In [None]:
import logging

logging.getLogger("sagemaker.config").setLevel(logging.WARNING)
logging.getLogger("sagemaker.experiments.run").setLevel(logging.WARNING)

In [4]:
import sagemaker
import pandas as pd
import numpy as np
import boto3
from datetime import datetime
from sagemaker.sklearn.processing import SKLearnProcessor
from sagemaker.processing import ProcessingInput, ProcessingOutput
from sklearn.model_selection import train_test_split
from sklearn.preprocessing import StandardScaler
import os
import time
from sagemaker.experiments.run import Run
from sagemaker.feature_store.feature_group import FeatureGroup

  from IPython.core.display import display, HTML


In [5]:
sagemaker_session = sagemaker.Session()
bucket = sagemaker_session.default_bucket()
role_arn = sagemaker.get_execution_role()
region = sagemaker_session.boto_region_name
s3_client = boto3.client('s3', region_name=region)
sagemaker_client = boto3.client('sagemaker')

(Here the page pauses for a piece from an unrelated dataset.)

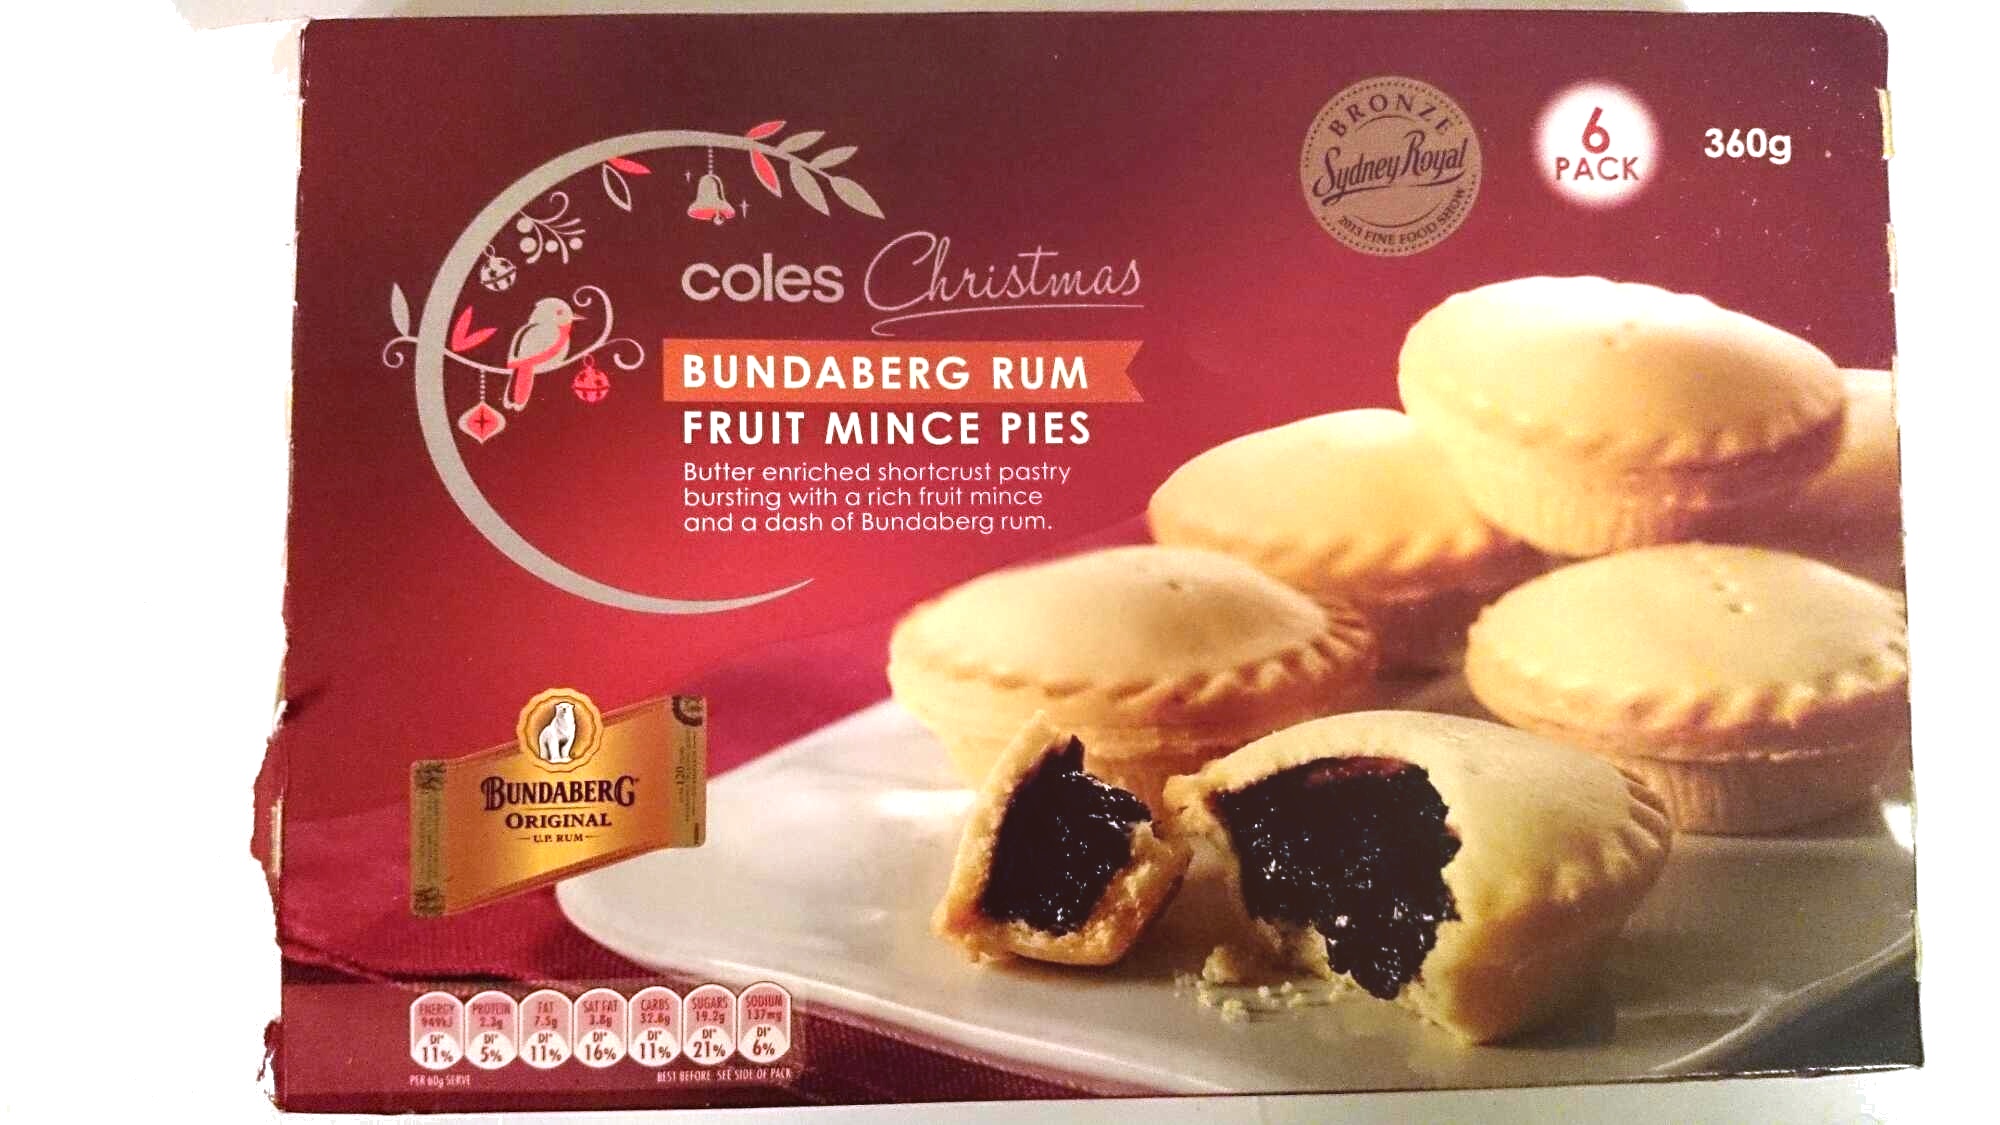 Coles Bundaberg Rum Fruit Mince Pies - Product - en
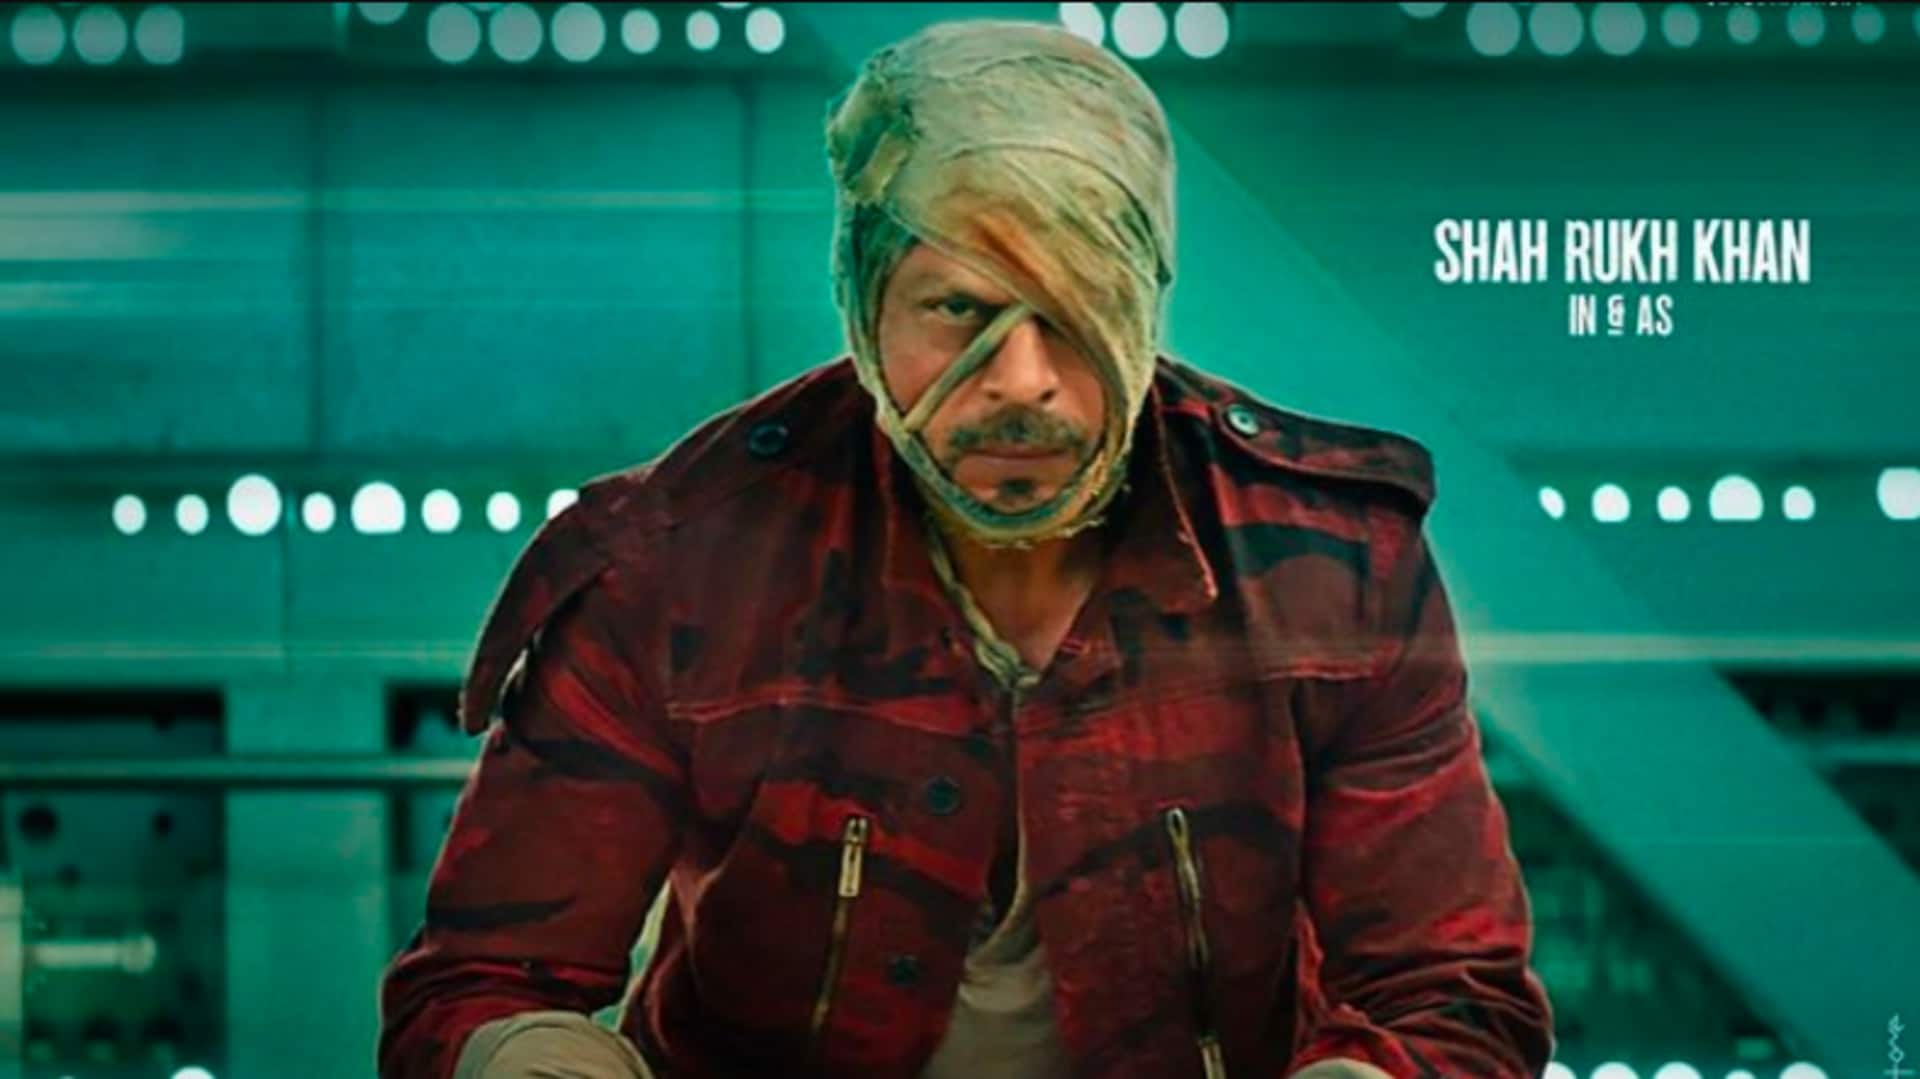 शाहरुख खान की फिल्म 'जवान' की कमाई 1,000 करोड़ रुपये के नजदीक, जानिए रविवार का कारोबार 

INFO:sagemaker:Created S3 bucket: sagemaker-us-east-1-905418230844


In [7]:
!aws s3 cp customer_data.csv s3://sagemaker-us-east-1-891377032677/CustomerRiskRating/v1/

upload: ./customer_data.csv to s3://sagemaker-studio-6b1c7e70/CustomerRiskRating/v1/customer_data.csv


Kick start a Processing job

In [None]:
_datetime = datetime.now().strftime('%Y-%m-%d-%H-%M-%S')

_prefix = "pre-processing"

with Run(
    experiment_name="CustomerRiskRating",
    run_name=f"{_prefix}-{_datetime}",
    sagemaker_session=sagemaker_session,
) as run:
    
    job_name = f"{_prefix}-{_datetime}"
    
    sklearn_processor = SKLearnProcessor(
        framework_version='1.0-1',
        role=role_arn,
        instance_type="ml.t3.medium",
        instance_count=1
    )
    
    sklearn_processor.run(
        code='preprocessing.py',
        job_name=job_name,
        inputs=[
            ProcessingInput(
                source="customer_data.csv",
                destination='/opt/ml/processing/input'
                
            )
        ],
        outputs=[
            ProcessingOutput(
                destination="s3://sagemaker-us-east-1-891377032677/customerriskrating/processingjob",
                source='/opt/ml/processing/output',
            )
        ],
        arguments=[
            "--train_size", str(0.7),
            "--val_size", str(0.2),
            "--test_size", str(0.1),
            "--random_state", str(10),
            "--target_col", "LABEL"
        ]
    )
    
    processing_job_description = sklearn_processor.jobs[-1].describe()